**REQUIRED WORK:**
Return exactly, with nothing added, the lines from the one that contains "A displaced girl" through the end of the listing below, pictures excluded.

**DATASET CONTENT:**
******

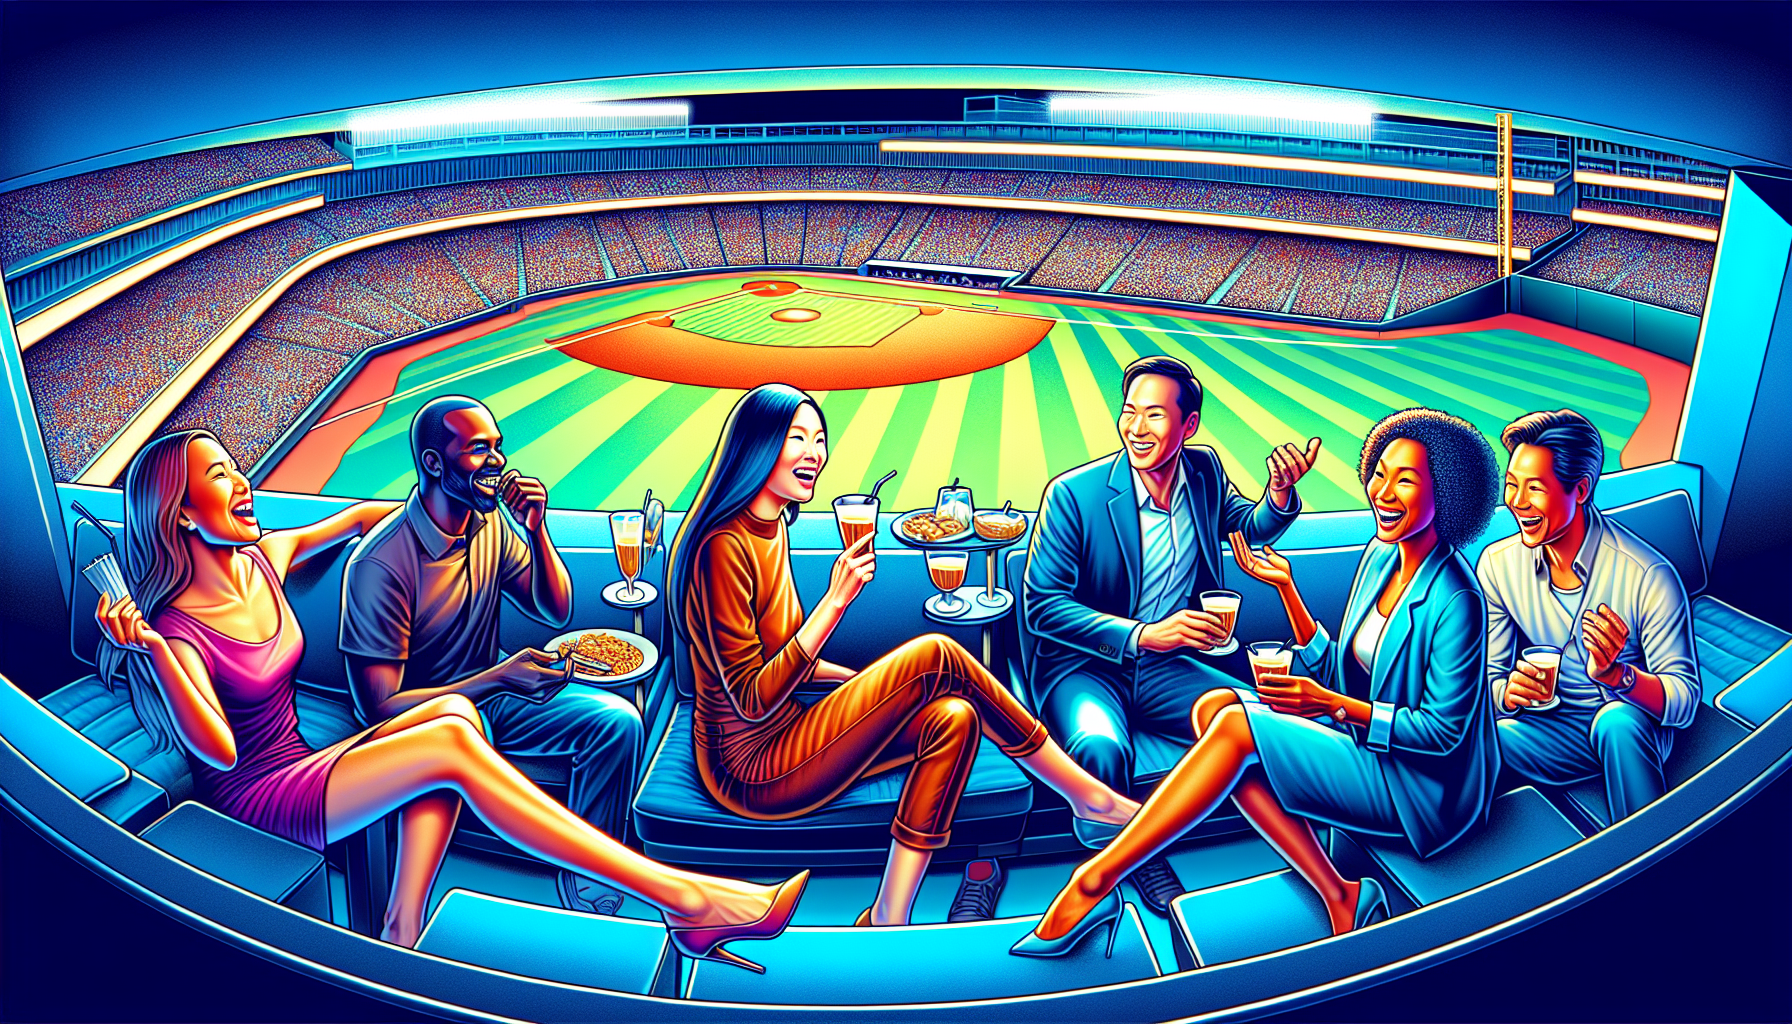 Illustration of a group socializing and enjoying the exclusive atmosphere of box seating at a baseball game
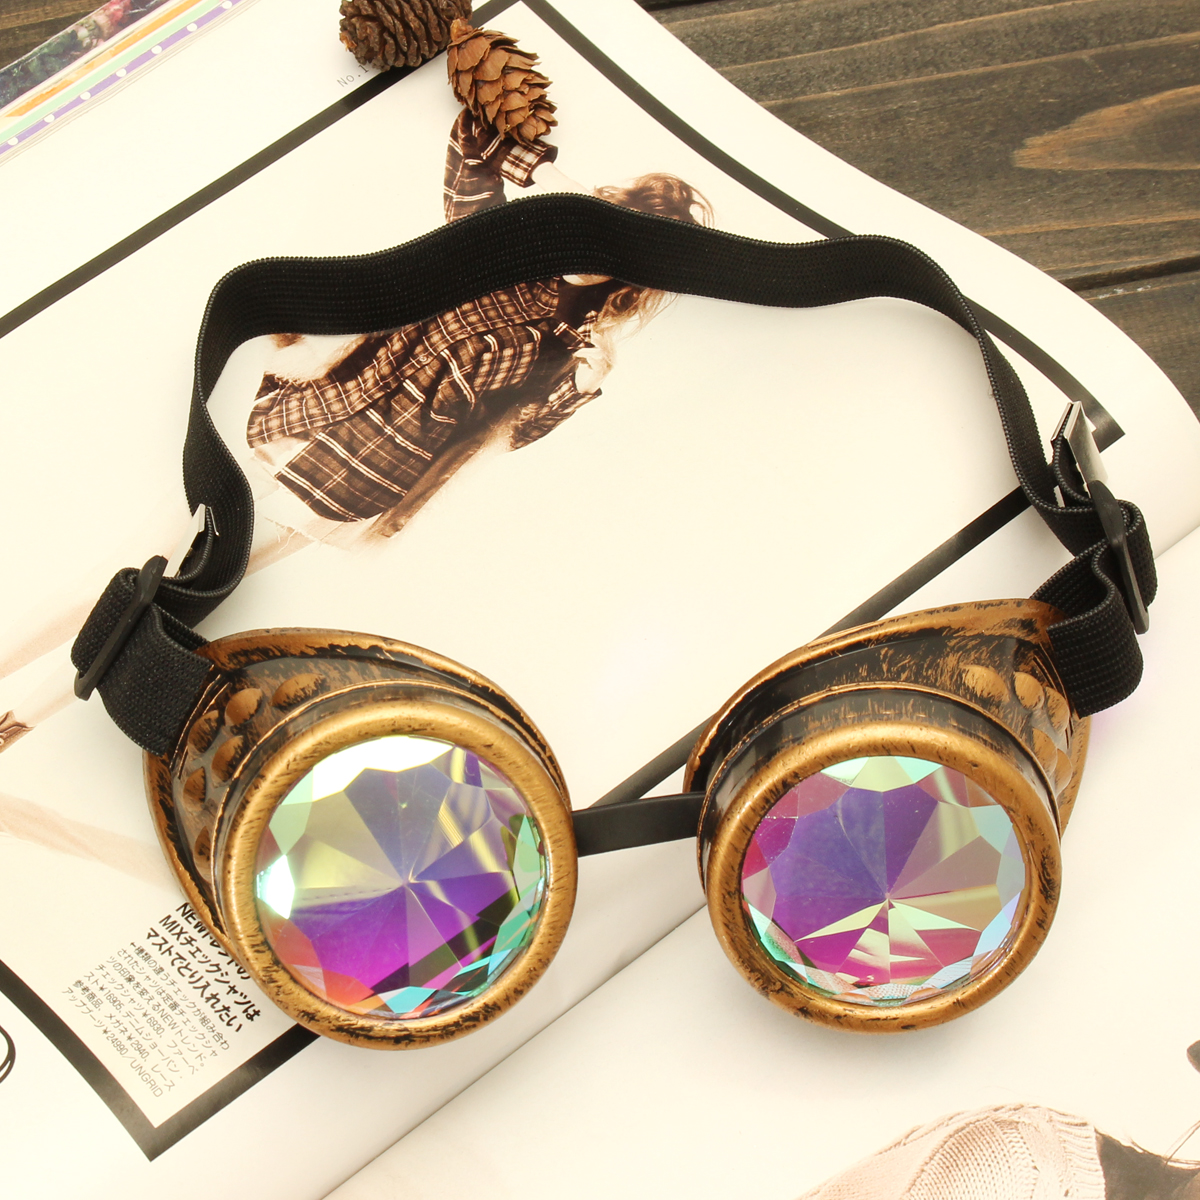 Kaleidoscope-Glasses-Vintage-Style-Windproof-Outdoor-Sunglasses-Gold-Siver-Copper-1209770
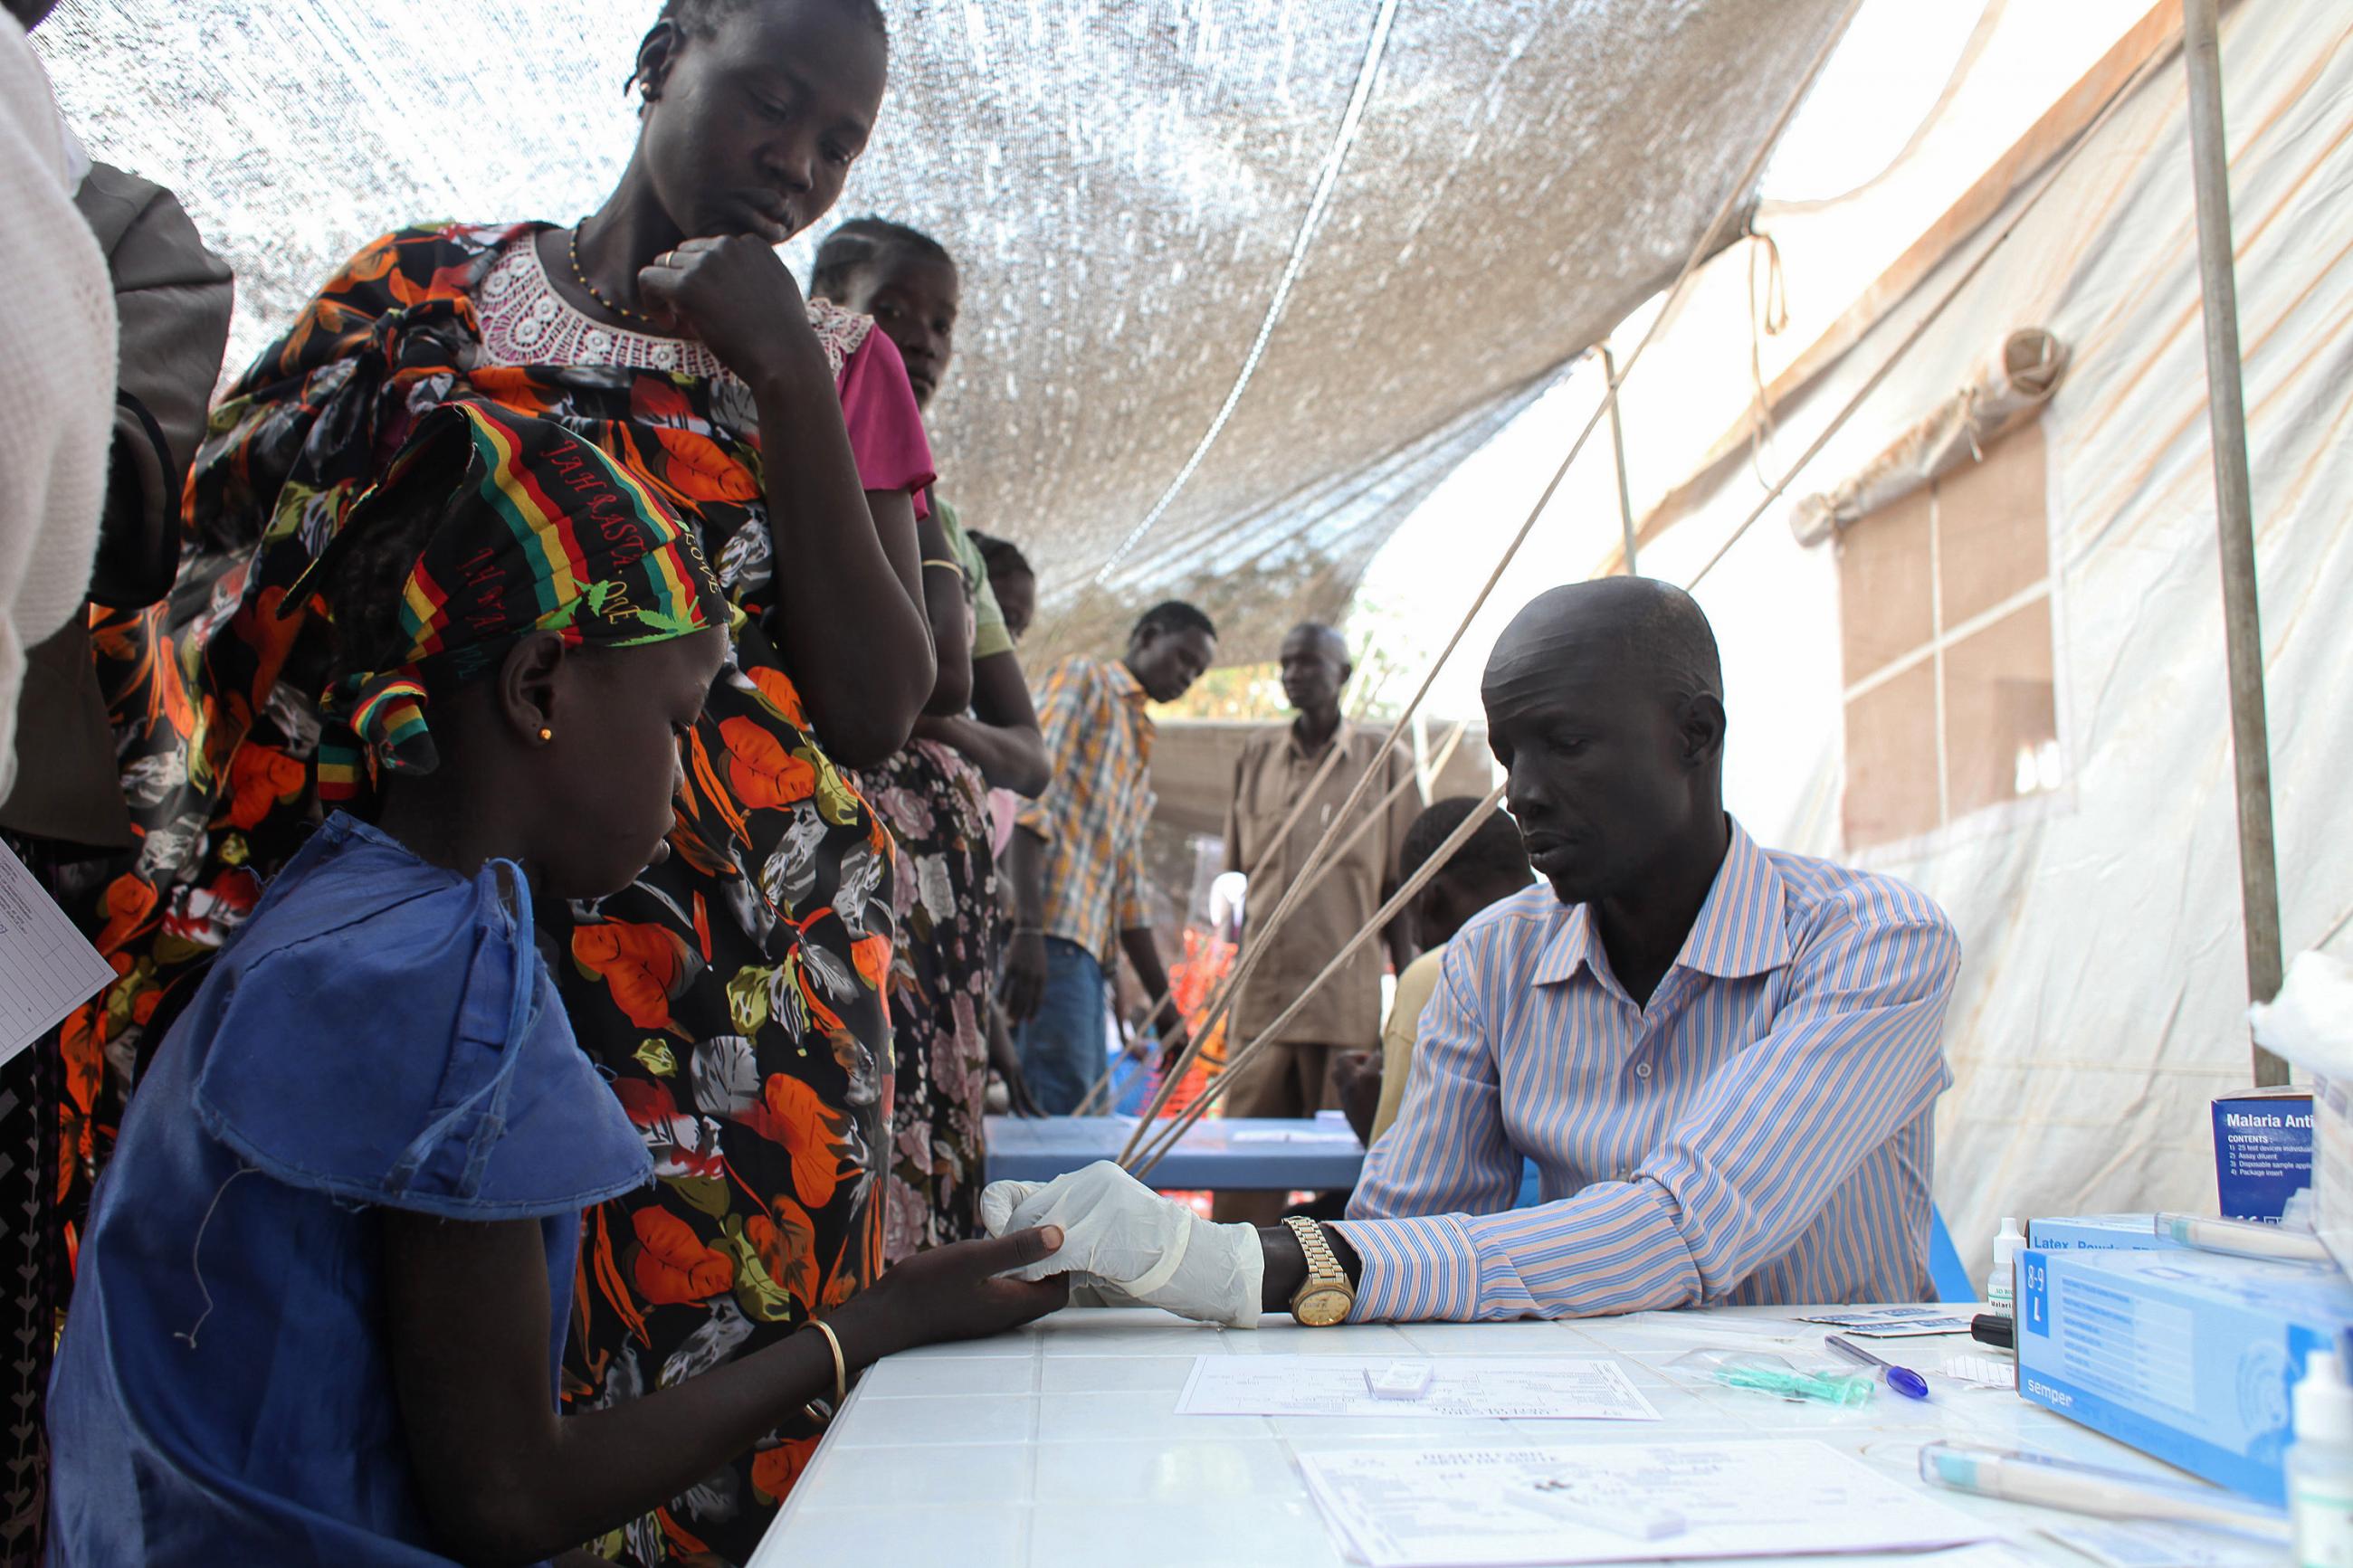 A displaced girl is tested for malaria at an MSF clinic in Tomping camp, Juba, South Sudan on January 10, 2014.
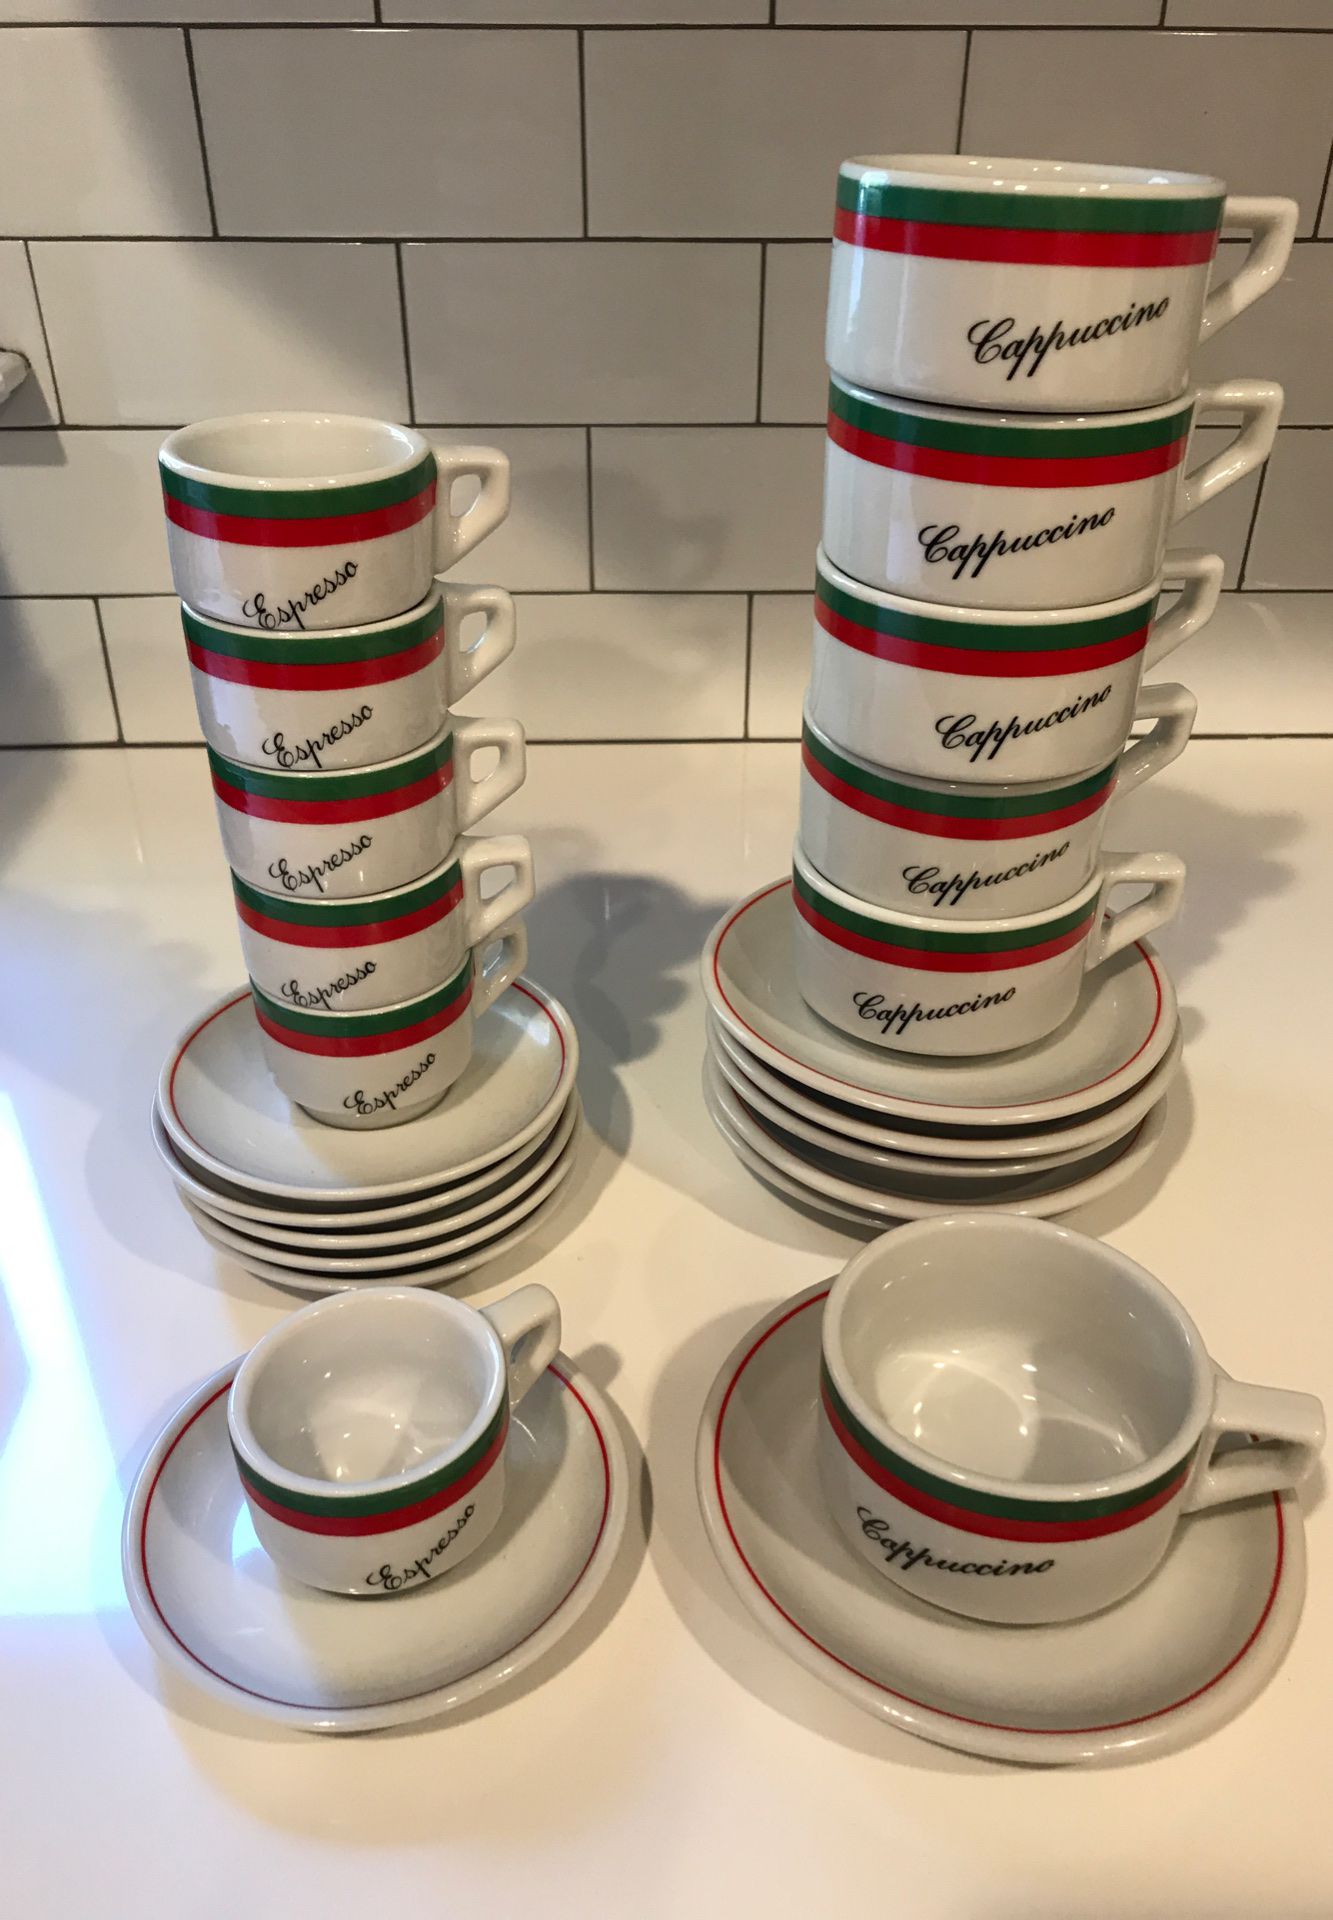 Espresso and cappuccino cups and saucers

******

**TASK ANSWER:**
 A displaced girl is tested for malaria at an MSF clinic in Tomping camp, Juba, South Sudan on January 10, 2014.
 Espresso and cappuccino cups and saucers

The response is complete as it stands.